Reverting changes and rebooting does not resolve. Running any option from the terminal returns the above error. If only the devs hadn't removed the script for manual backups and recovery….

@RonpfS:

@Perforado:

All the php-scripts spawned by the gui are constrained by the memory-limit set by suhosin. Which is 512MB.

That's what my perl-one-liner was for. I even increased the limit to 4GB for testing today …

For those wandering about suhosin, it is defined in /usr/local/etc/php.ini

; File generated from /etc/rc.php_ini_setup
output_buffering = "0"
expose_php = Off
implicit_flush = true
magic_quotes_gpc = Off
max_execution_time = 900
request_terminate_timeout = 900
max_input_time = 1800
max_input_vars = 5000
register_argc_argv = On
register_long_arrays = Off
variables_order = "GPCS"
file_uploads = On
upload_tmp_dir = /tmp
upload_max_filesize = 200M
post_max_size = 200M
html_errors = Off
zlib.output_compression = Off
zlib.output_compression_level = 1
include_path = ".:/etc/inc:/usr/local/www:/usr/local/captiveportal:/usr/local/pkg:/usr/local/www/classes:/usr/local/www/classes/Form"
display_startup_errors=on
display_errors=on
log_errors=on
error_log=/tmp/PHP_errors.log
extension_dir=/usr/local/lib/php/20131226/
date.timezone="America/New_York"
session.hash_bits_per_character = 5
session.hash_function = 1

; Extensions

; opcache Settings
opcache.enabled="1"
opcache.enable_cli="0"
opcache.memory_consumption="50"

[suhosin]
suhosin.get.max_array_index_length = 256
suhosin.get.max_vars = 5000
suhosin.get.max_value_length = 500000
suhosin.post.max_array_index_length = 256
suhosin.post.max_vars = 5000
suhosin.post.max_value_length = 500000
suhosin.request.max_array_index_length = 256
suhosin.request.max_vars = 5000
suhosin.request.max_value_length = 500000
suhosin.memory_limit = 536870912

Setting 'memory_limit' in the inc file is maxed by the suhosin.memory_limit.

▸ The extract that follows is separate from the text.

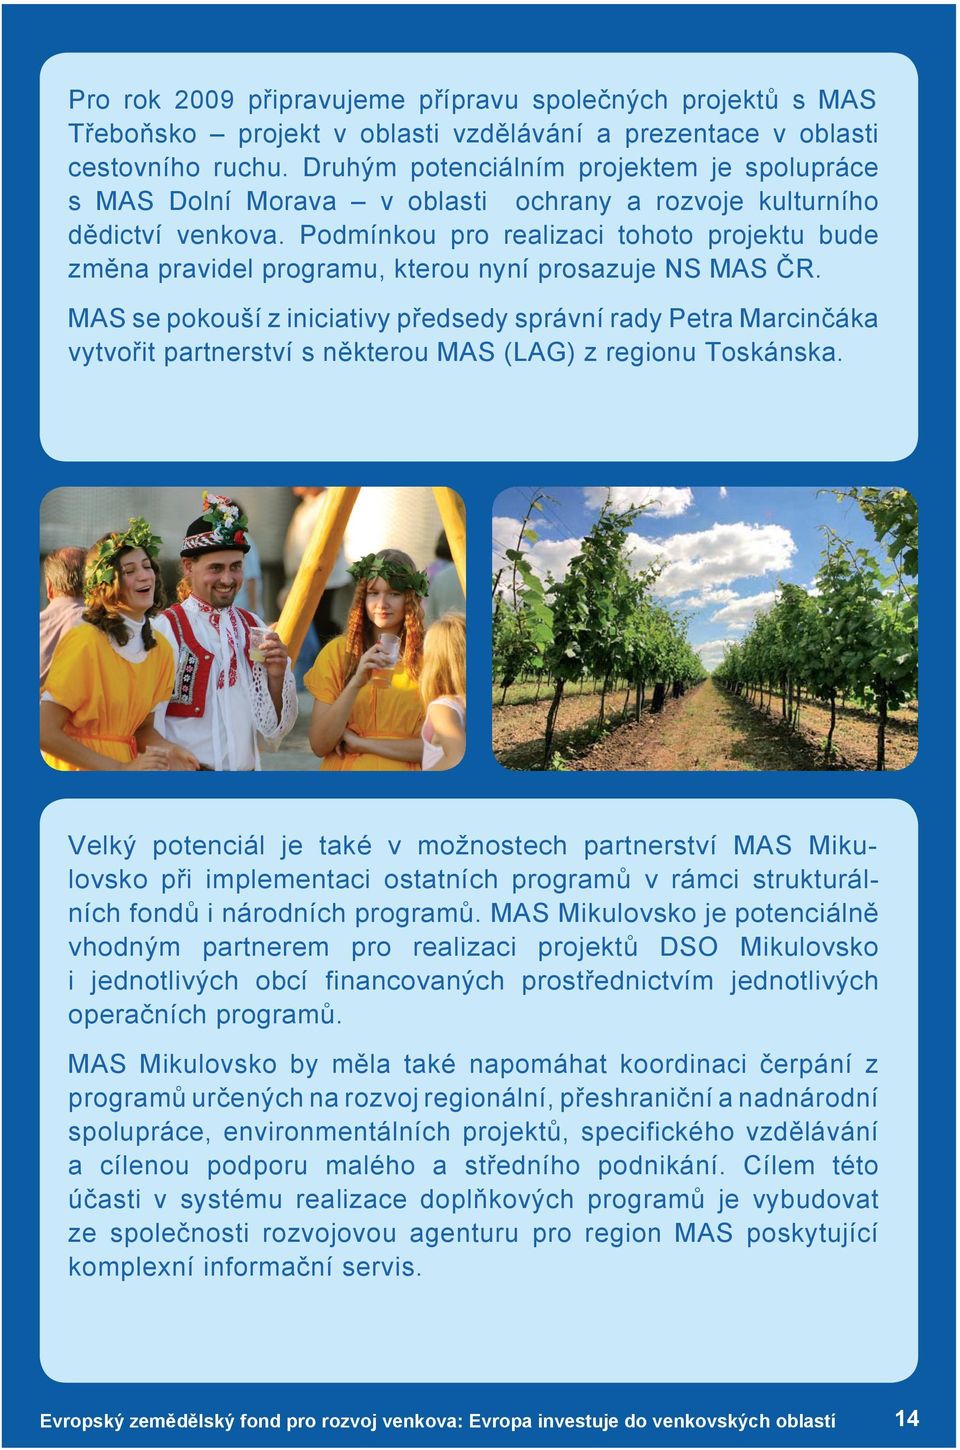 Podmínkou pro realizaci tohoto projektu bude změna pravidel programu, kterou nyní prosazuje NS MAS ČR.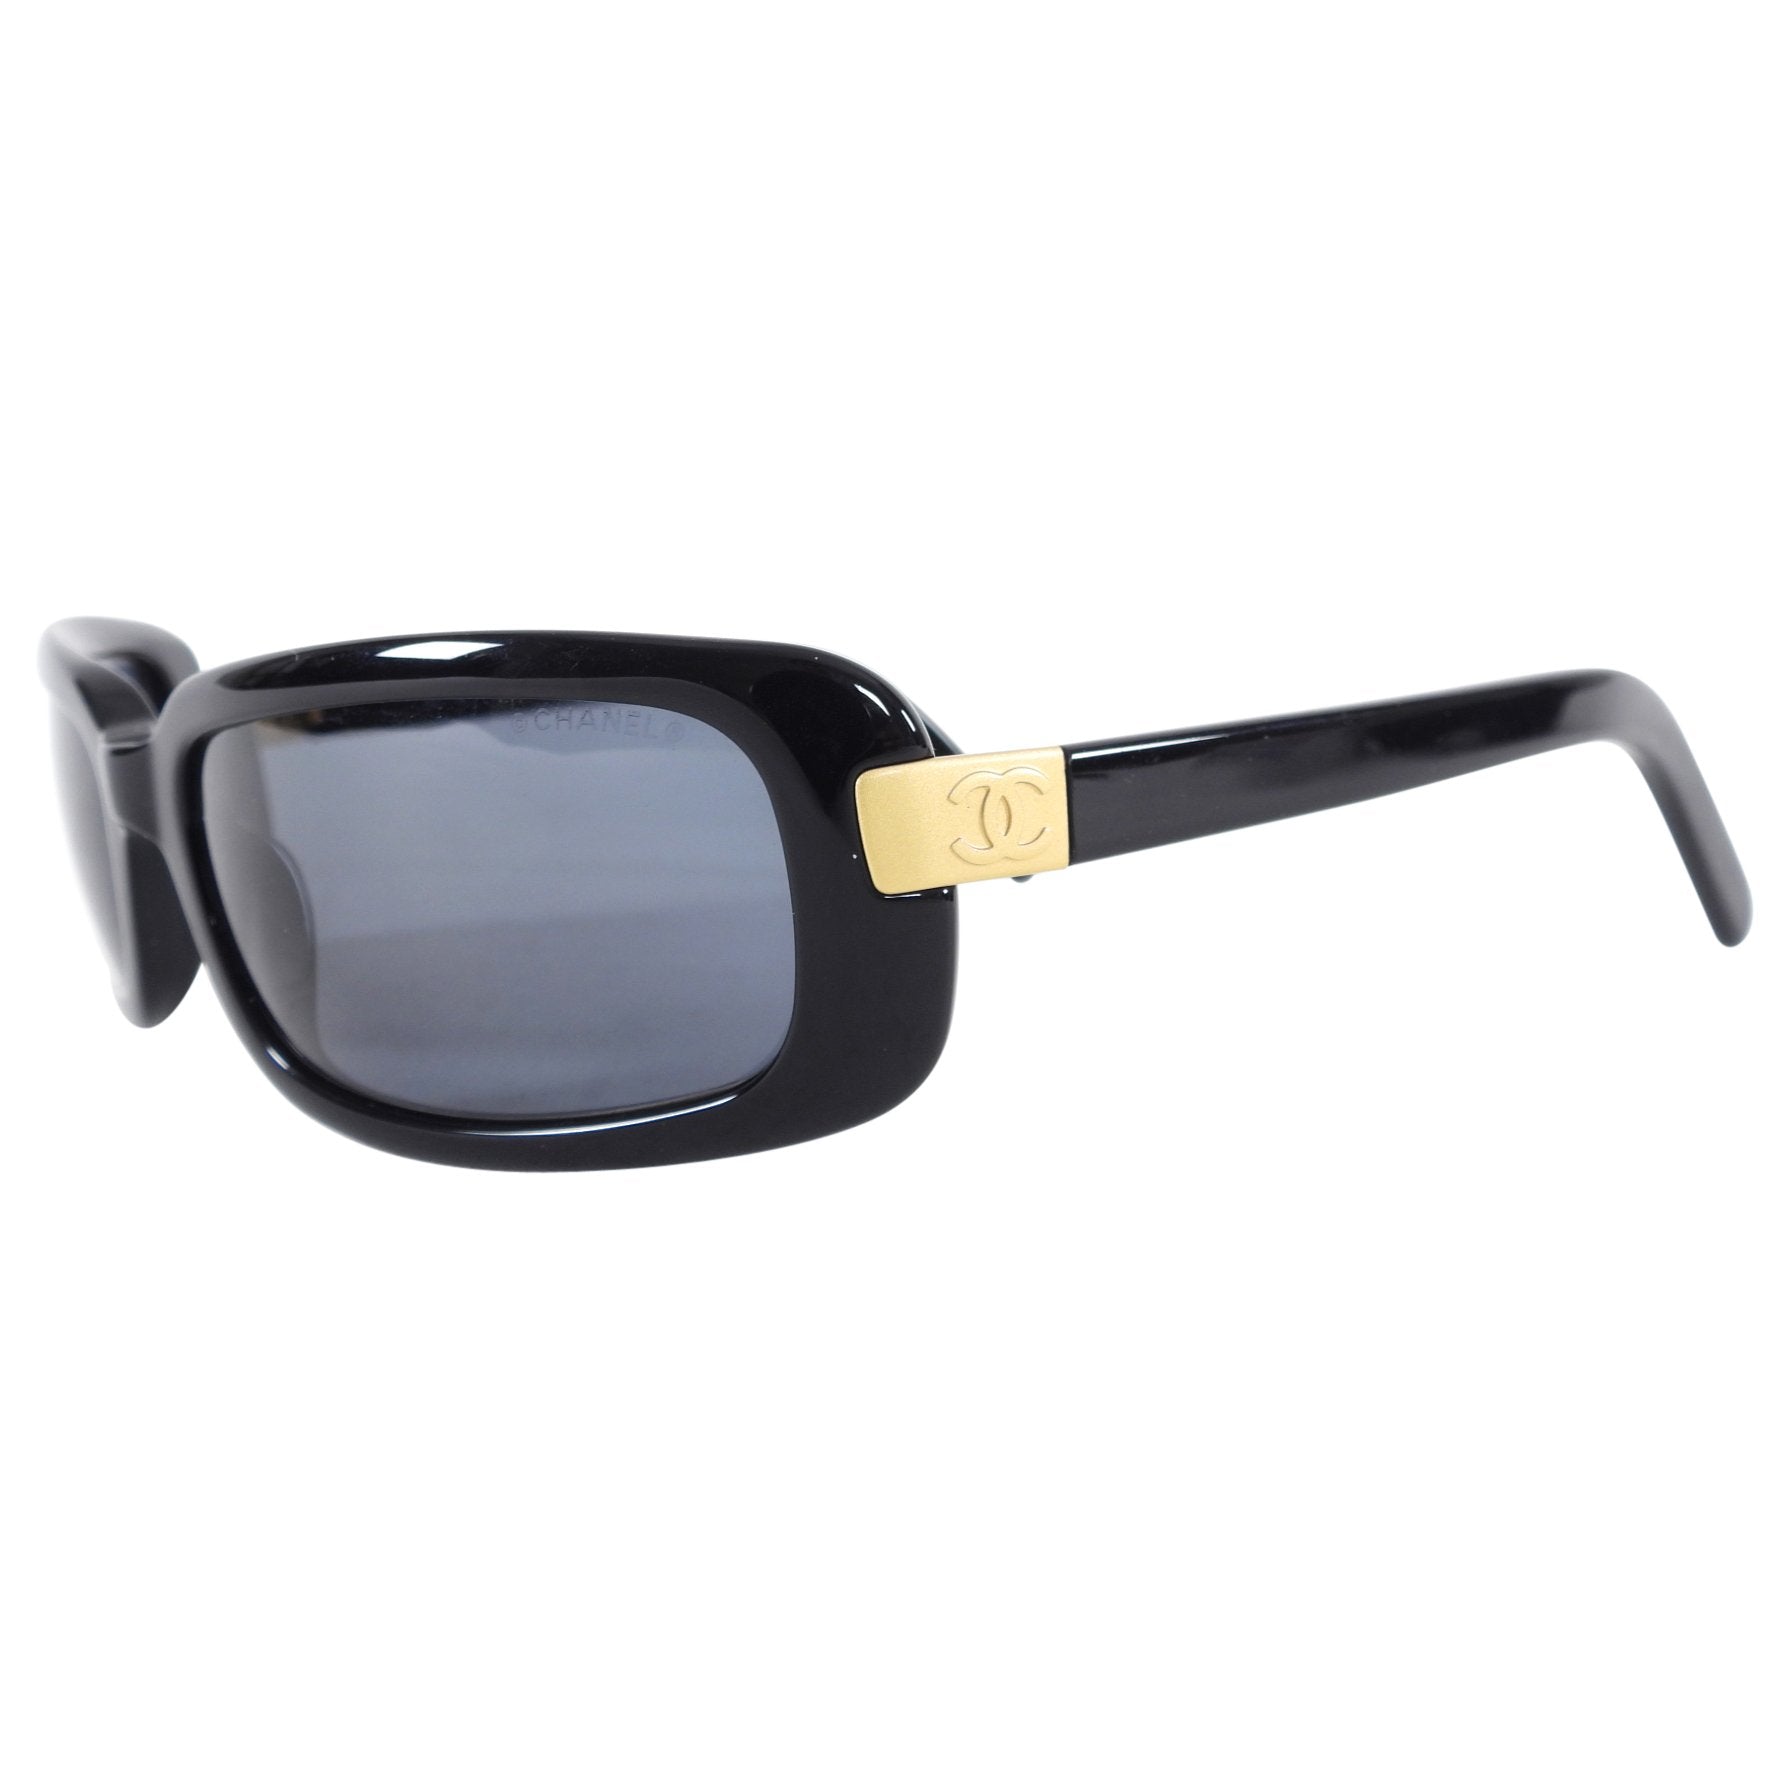 CHANEL sunglasses, vintage model 5036. Black frame - Depop

The memory_limit is defined in /etc/inc/config.inc

// Set memory limit to 512M on amd64.
if ($ARCH == "amd64") {
	ini_set("memory_limit", "512M");
} else {
	ini_set("memory_limit", "128M");
}

So for those using many IPV6 GeoIP table on amd64, they probably have to change /usr/local/etc/php.ini, /etc/rc.php_ini_setup, pfblockerng.inc as well as the Firewall Maximum Table Entries

The php memory issues are not specific to pfBlockerNG, backup crashes when backup size is too big, the Diagnostics/Tables will crash when viewing huge table, etc.

This is a AsRock Q1900M w/quad core celeron J1900, 8GB RAM, 1TB HDD, 1 intel dual GbE, 1 intel single GbE cards.